Ohta San 1986 Album Bodysurfing

The album ended up winning the Na Hoku Hanohano Award for Instrumental Album of the Year, but most likely for Ohta's arrangements of "Tequila," "Let's Dance," "Summertime," and "Whiter Shade of Pale." "Bodysurfing" would take a backseat to these much more recognizable tunes, at least until it was resurrected by a young ukulele virtuoso more than a decade later.

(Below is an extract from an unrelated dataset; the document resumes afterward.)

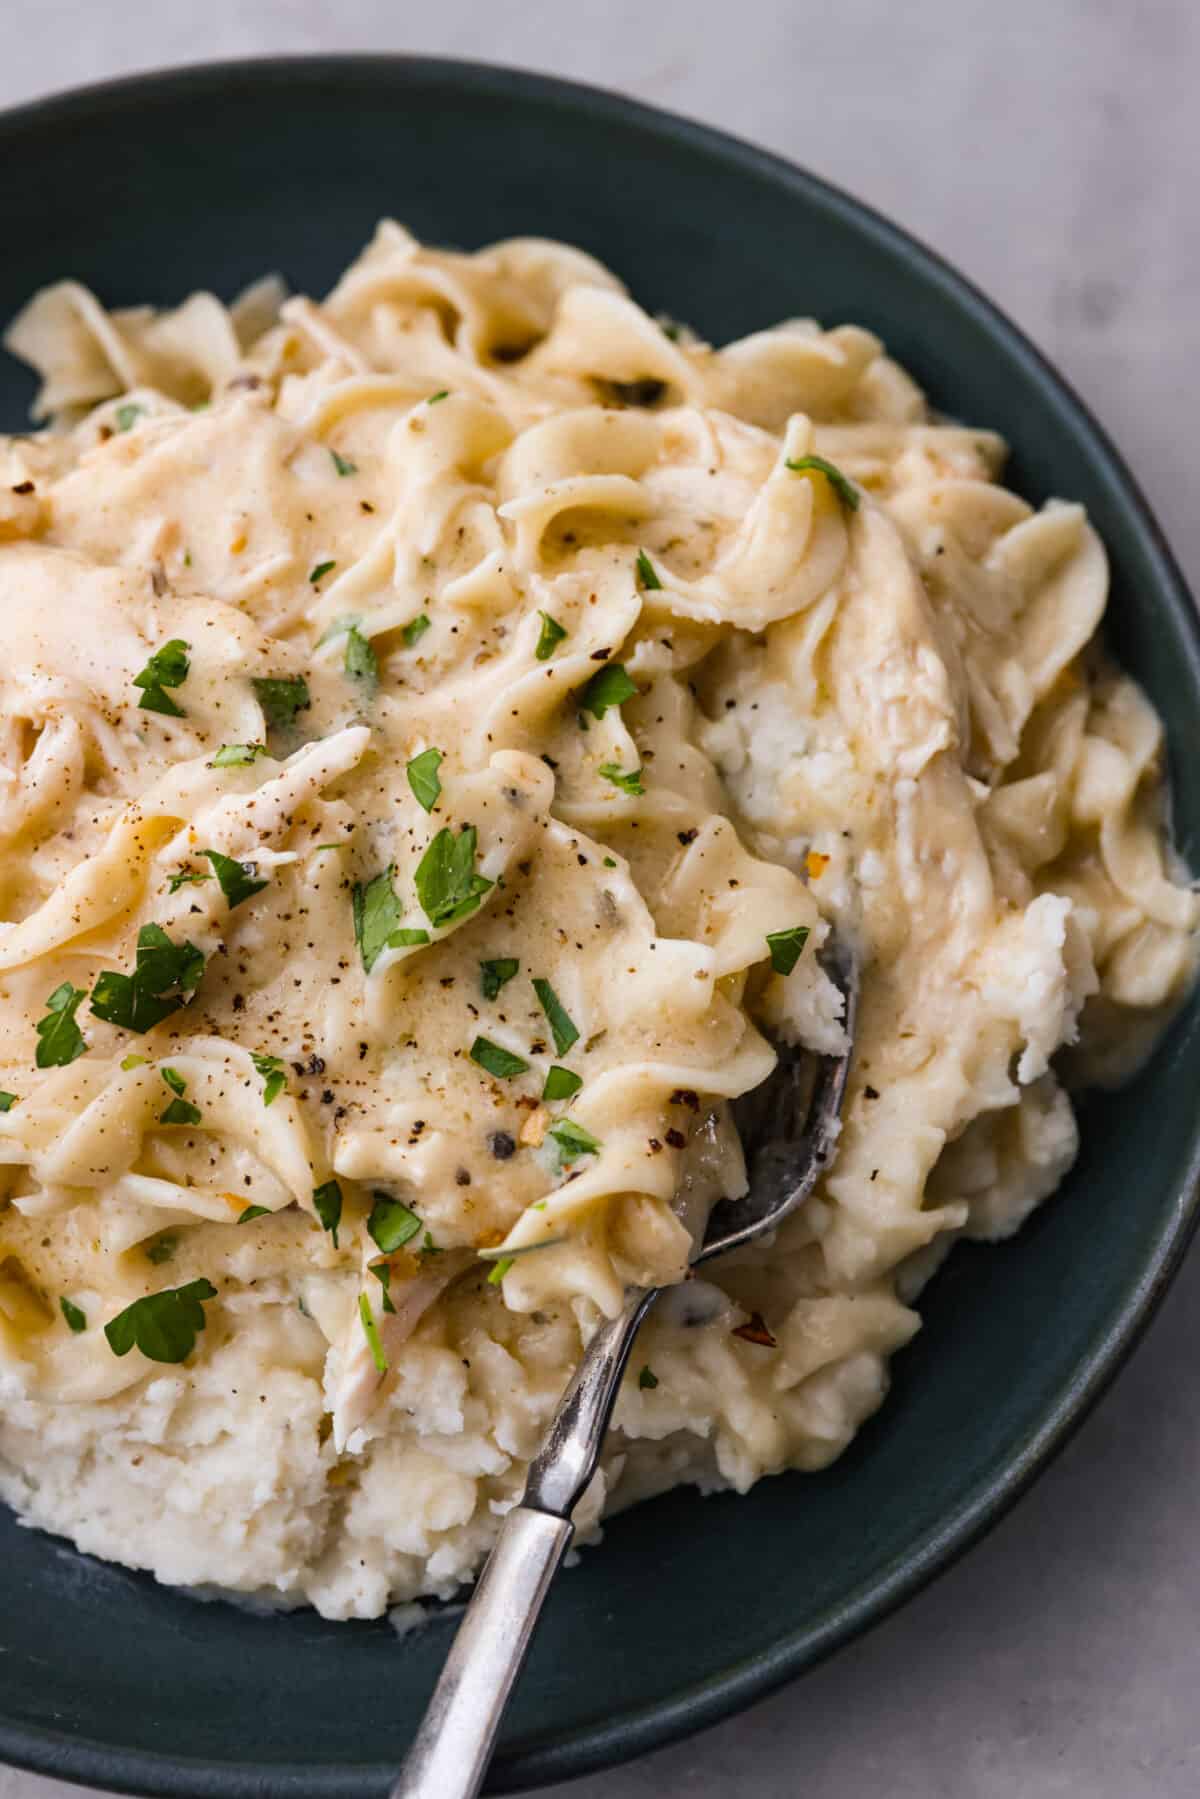 Chicken and pasta served over mashed potatoes.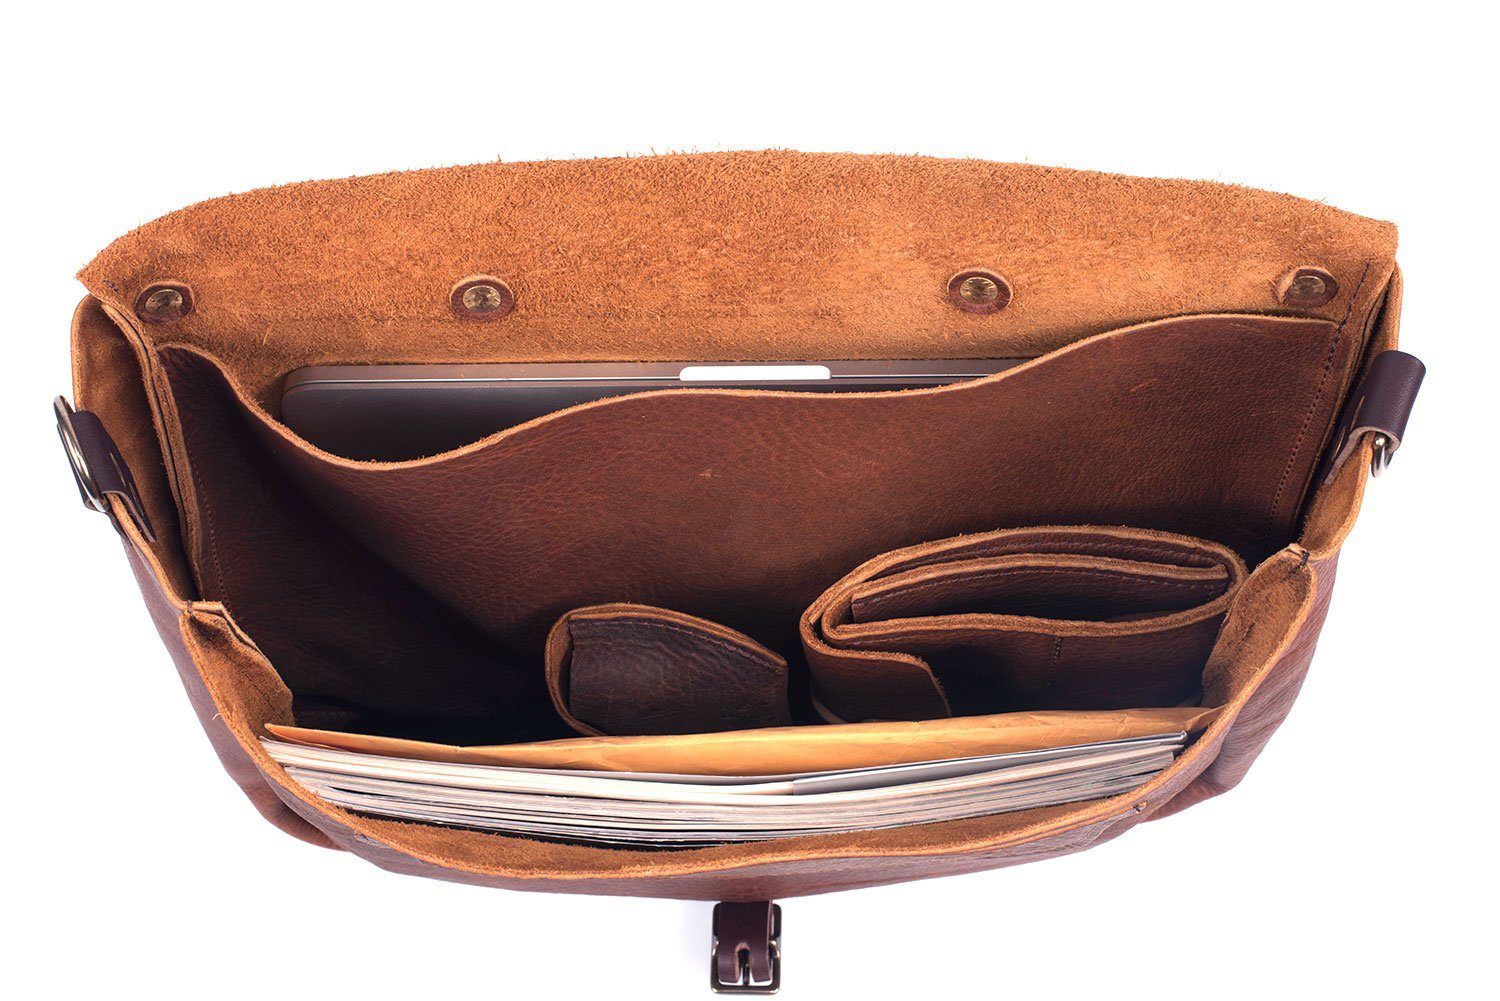 ann kurz | handcrafted leather bags made in Spain

Bodysurfing (1999) - Pure Heart

Long before Jake Shimabukuro became the internationally-recognized internet ukulele celebrity we all know and love, he grew up in Hawaii and took ukulele lessons from Roy Sakuma Studios. Roy Sakuma was protégé of Ohta-San, so naturally young Jake looked up to Ohta-San, among other Hawaii ukulele heroes (including Eddie Kamae and later Troy Fernandez). After high school, Jake started a band called Pure Heart with his friends Jon Yamasato and Lopaka Colón and the trio cut their first album in 1998. The band became an overnight success in Hawaii and released Pure Heart 2 the very next year. This second album contained five instrumental songs, including both "Wipeout" and "Bodysurfing." Surprisingly, the once overlooked "Bodysurfing," as reimagined by Jake, was the standout hit.

Funny enough, long after Jake became a solo ukulele artist, gaining internet fame for his cover of "My Guitar Gently Weeps" & "Bohemian Rhapsody" and inspiring a whole new generation of ukulele players, "Bodysurfing" was resurrected yet again. In 2013, the female ukulele duo Honoka and Azita uploaded a video of themselves covering Jake's version of "Bodysurfing" on YouTube which went viral. As of this publication, it has over 24 million views.

If you'd like to learn either of these songs, be sure to check out the UU+ Solos Tutorials:
Guava Jam - UU+ Solos Lesson
Bodysurfing - UU+ Solos Lesson

As we have seen, in the ukulele world, what's new is old and what's old is new. When reflecting on your own musical journey, ask yourself: What songs have inspired me in the past? and With the skills and knowledge that I have now, how can I put a new spin on these old songs? Or maybe you haven't picked up your ukulele in awhile. You now have the opportunity to revisit some of the songs, techniques, or concepts that you've learned before. Who knows? You may see them in an entirely new light. As the world of ukulele (and your own playing) expands and evolves, it is certain that we will continue to discover even more ukulele gems waiting to be brought back to life.

-UU Staff

P.S. For more interesting ukulele history featuring Ohta San, Troy Fernandez, and Jake, check out our article, "Ukulele Origin Stories."


  1. Mahalo Aaron,
    I love reading your Ukulele Newsletter. I enjoy reading the history of the ukulele artist/musician and the evolution of the songs. I enjoy seeing names like Ohta San (who was famous when I was growing up on Oahu in the 50s & 60s ), Troy Fernandez, and Roy Sakuma. Mahalo for the history and background of these songs and the ukulele musicians who play them. Mahalo for reminding us of the remarkable capability and versatility of the ukulele.